Ari Weiss, who joined the Omnicom shop in 2016 after years at BBH, spoke about the future of creativity with Campaign US Editor Lindsay Stein at Advertising Week in New York City on Monday.
"Have something great to say, and say it in a great way," said Weiss. "What we do is not rocket science. It’s hard to make it interesting and it’s hard to be an uninvited guest and turn into an invited guest. How can we find really interesting things to say about our brands and tell it in very interesting ways?"
It’s the ethos he took to DDB as part of his mission to resurrect the agency with CEO Wendy Clark.
After months of laying dormant, the sleeping giant has awoken and has recently taken home a string of awards including 16 Cannes Lions in June.
"Where we’re at right now in modern marketing is everything is fragmented," he continued. "There’s a million ways to land your story, and depending who you’re speaking to, there’s totally different consumption behaviors. So how do you know who you’re talking to? How do you know who wants to consume your stories? And how do you bring that story into the world so they seek it out?
"We used to be able to buy exposure — we still can — but clients want that earned reach more and more. They want to become a part of culture and be invited into that culture and be a trending topic on twitter. How do we do that? We have to earn that right — we have to be compelling."

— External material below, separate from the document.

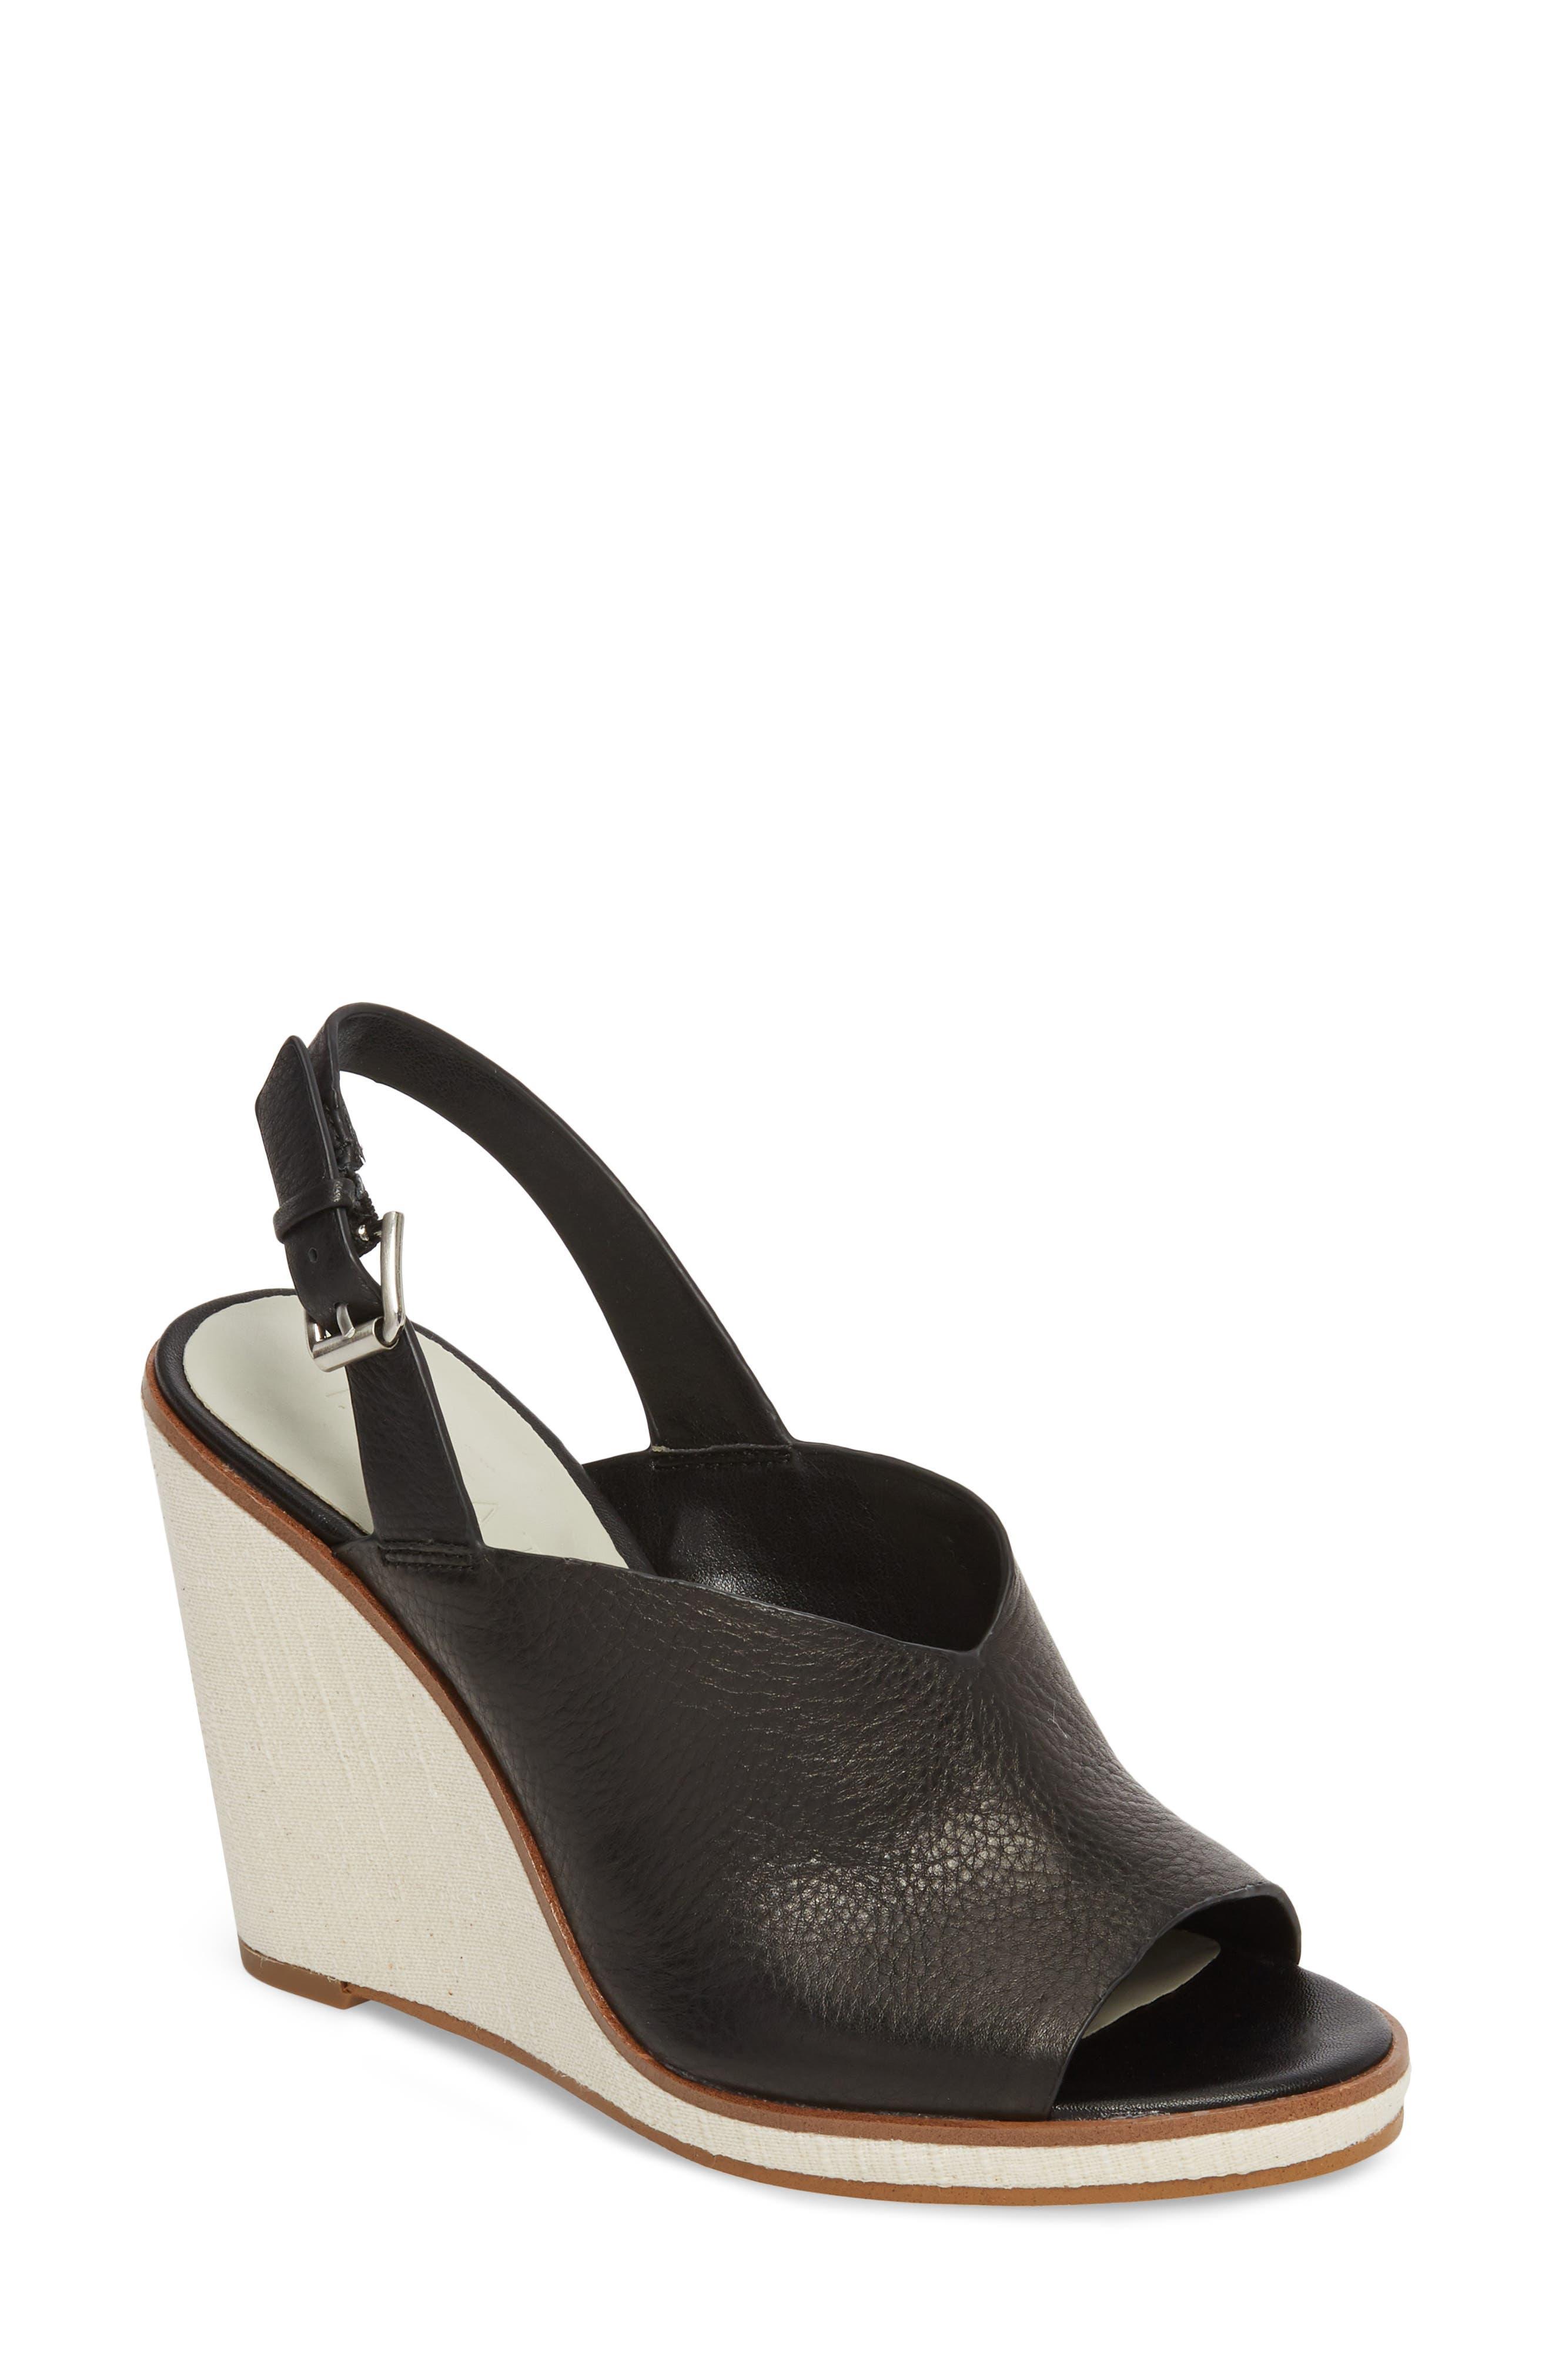 Genna Wedge Sandal, Main, color, BLACK LEATHER

Weiss bemoaned brands’ eagerness to jump on the latest technology for the sake of jumping on the latest technology. He said that too often clients will use it in lieu of a creative idea and risk failure of brand story building when the technology shelf life expires.
Technology should be used as a pallet for which stories can be told on, not the immediate solution to a campaign, he said.
Asked to name the biggest change storytelling has seen over the past several years, he said the narrative has extended.
Weiss added: "It’s finding that simple idea and doing it in a way that will really get noticed.
"Ultimately, as a creative, you’re always at your best when you’re a bit uncomfortable, because you have to find solutions to problems you don’t have the short cuts to."